## What needs to be done
Output the data in full. Keep every word exact and exclude the pictures.

## Material provided
╭──

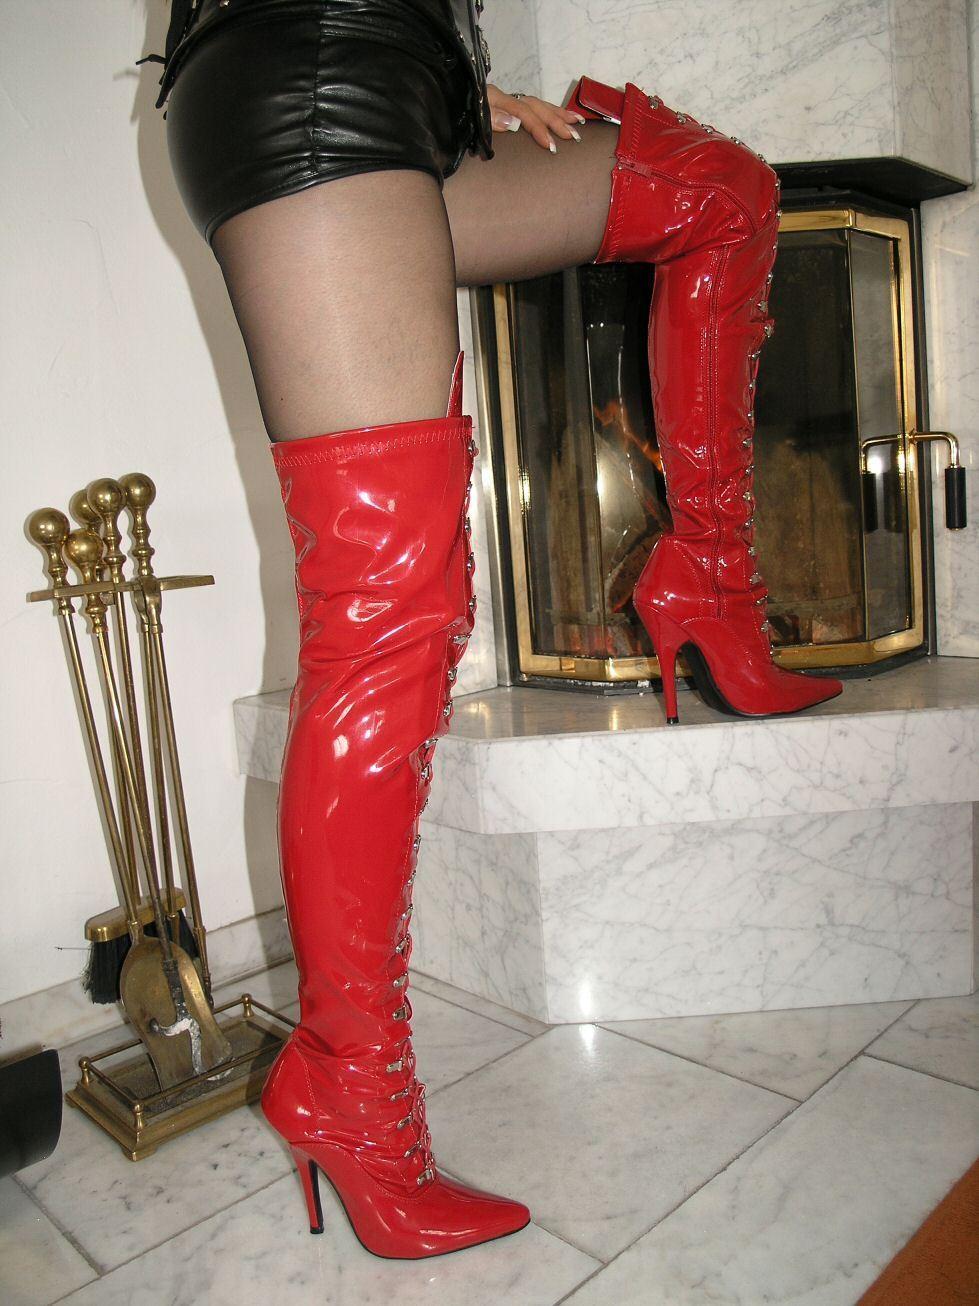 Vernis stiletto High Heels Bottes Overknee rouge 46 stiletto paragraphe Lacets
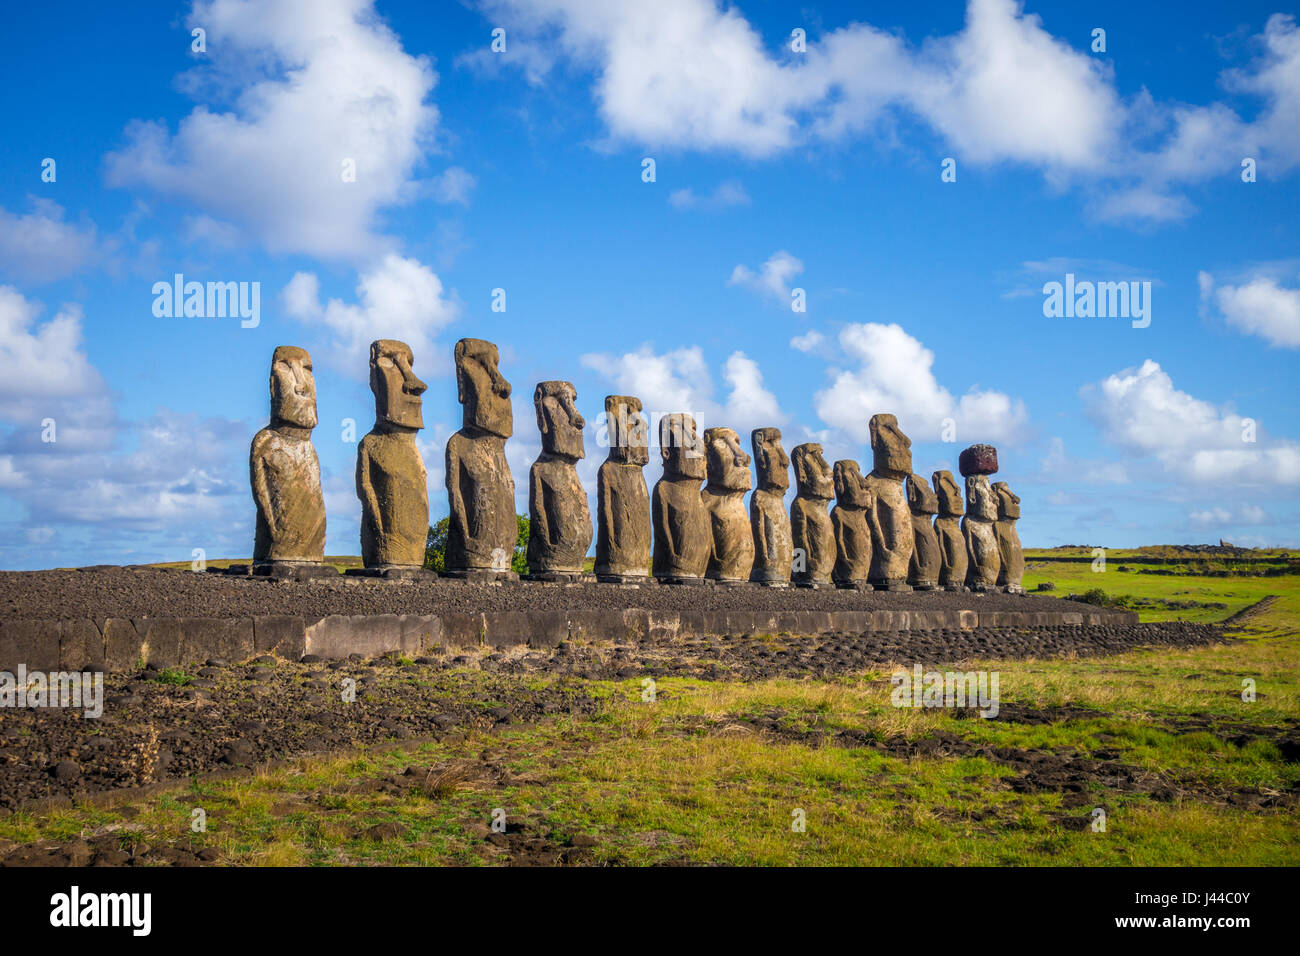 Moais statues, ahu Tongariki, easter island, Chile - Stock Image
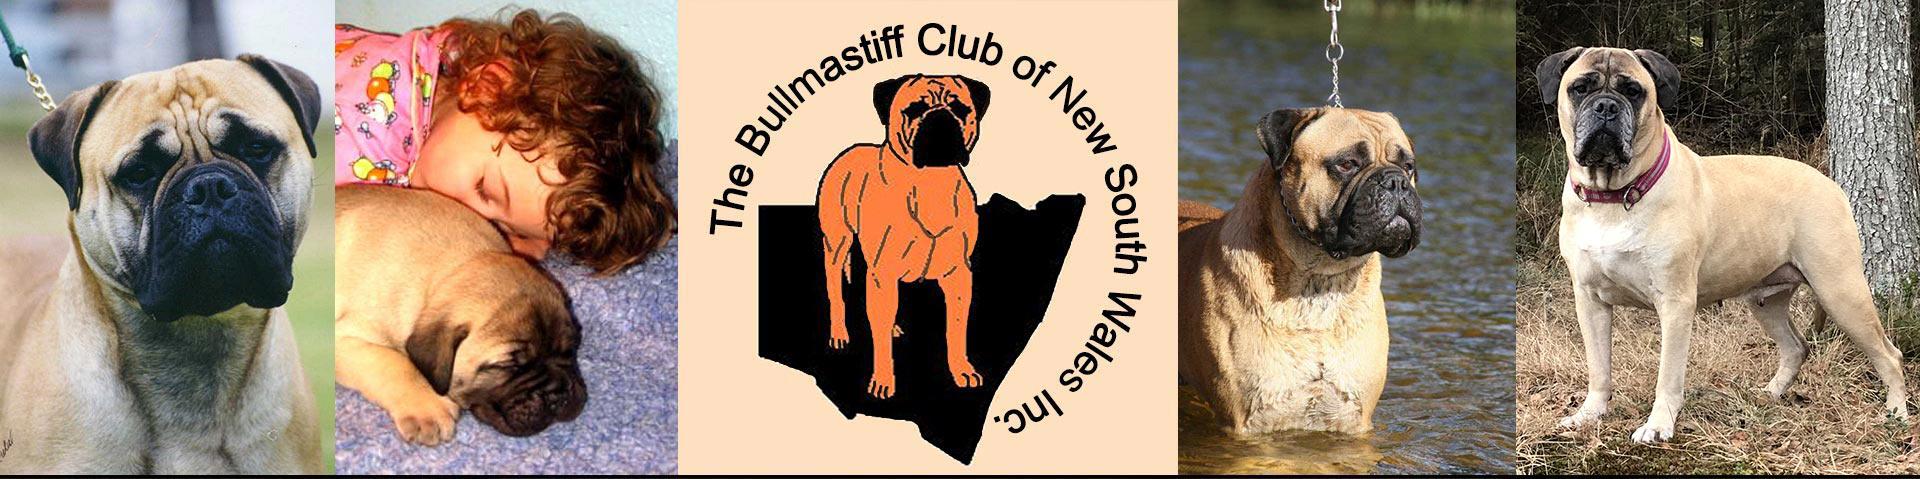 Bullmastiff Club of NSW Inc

╰──

## Exercise answer
 Vernis stiletto High Heels Bottes Overknee rouge 46 stiletto paragraphe Lacets
 Moais statues, ahu Tongariki, easter island, Chile - Stock Image
 Bullmastiff Club of NSW Inc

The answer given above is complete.